Stochastic Flow Matching for Resolving Small-Scale Physics
This work addresses super-resolution for weather and physics applications, offering a novel approach to handle deterministic and stochastic components, but it is incremental as it builds on existing flow and diffusion models.
The paper tackled the problem of super-resolving small-scale details in physical sciences like weather, where challenges include misaligned distributions, multi-scale dynamics, and limited data, by proposing a stochastic flow matching framework that encodes inputs to a latent base distribution and adds stochastic details, resulting in significant outperformance over existing methods on real-world and PDE-based datasets.
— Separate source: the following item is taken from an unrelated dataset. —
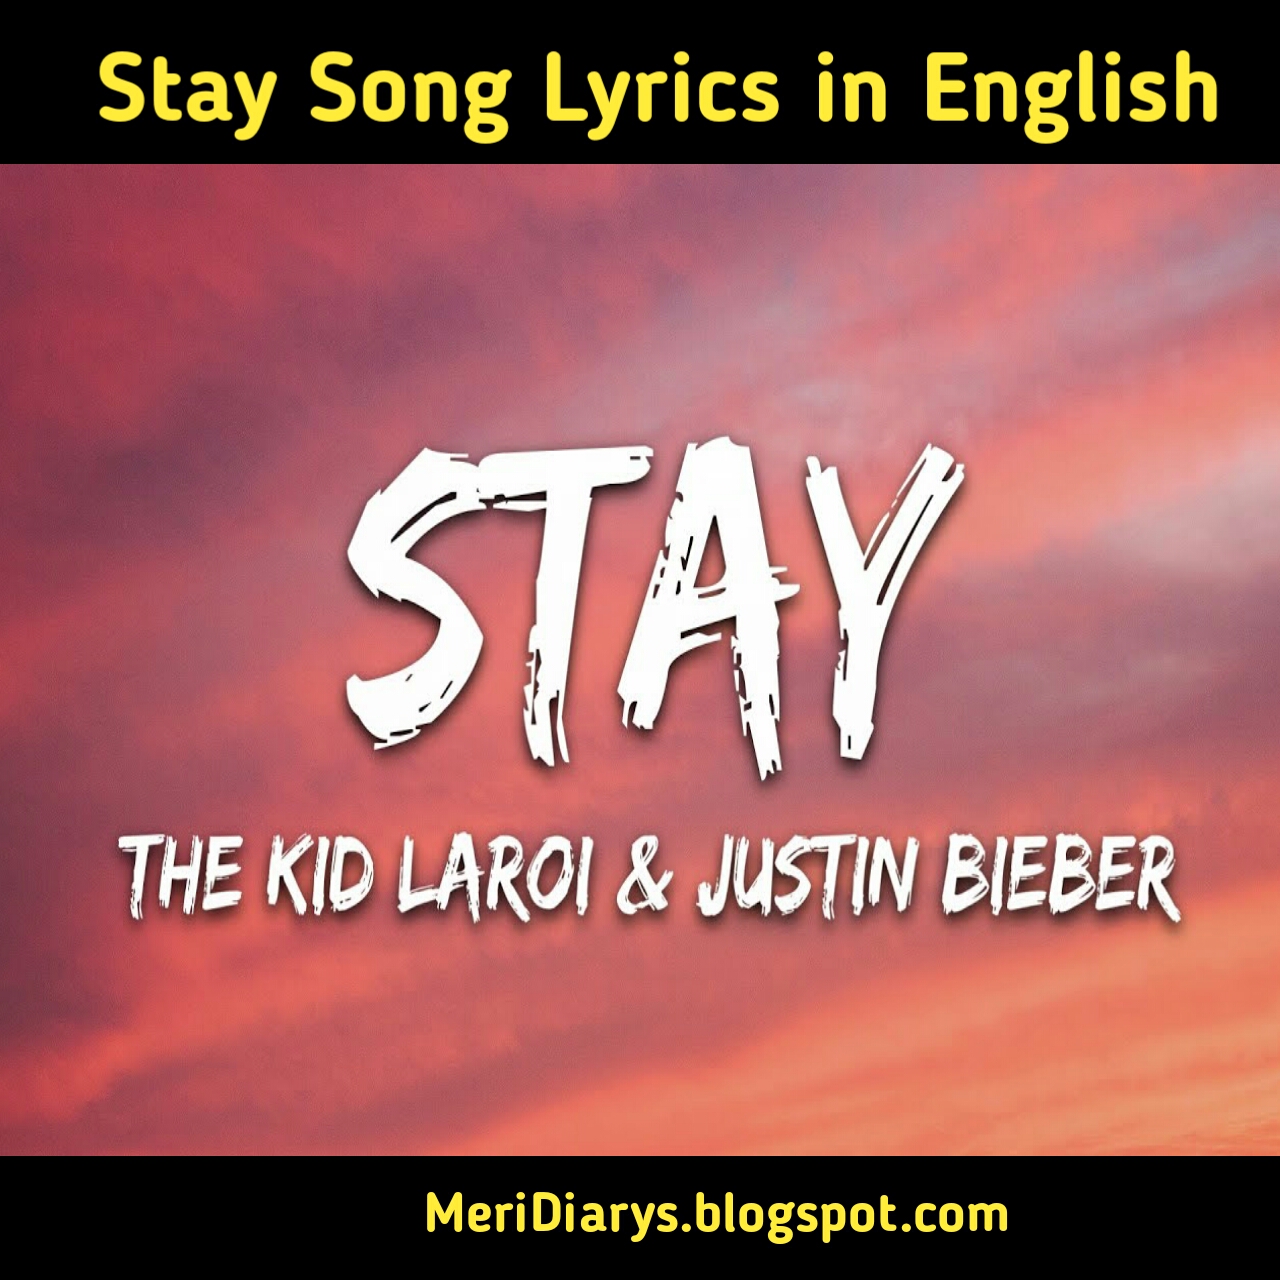 Stay Song Lyrics in English

Conditioning diffusion and flow models have proven effective for super-resolving small-scale details in natural images.However, in physical sciences such as weather, super-resolving small-scale details poses significant challenges due to: (i) misalignment between input and output distributions (i.e., solutions to distinct partial differential equations (PDEs) follow different trajectories), (ii) multi-scale dynamics, deterministic dynamics at large scales vs. stochastic at small scales, and (iii) limited data, increasing the risk of overfitting. To address these challenges, we propose encoding the inputs to a latent base distribution that is closer to the target distribution, followed by flow matching to generate small-scale physics. The encoder captures the deterministic components, while flow matching adds stochastic small-scale details. To account for uncertainty in the deterministic part, we inject noise into the encoder output using an adaptive noise scaling mechanism, which is dynamically adjusted based on maximum-likelihood estimates of the encoder predictions. We conduct extensive experiments on both the real-world CWA weather dataset and the PDE-based Kolmogorov dataset, with the CWA task involving super-resolving the weather variables for the region of Taiwan from 25 km to 2 km scales. Our results show that the proposed stochastic flow matching (SFM) framework significantly outperforms existing methods such as conditional diffusion and flows.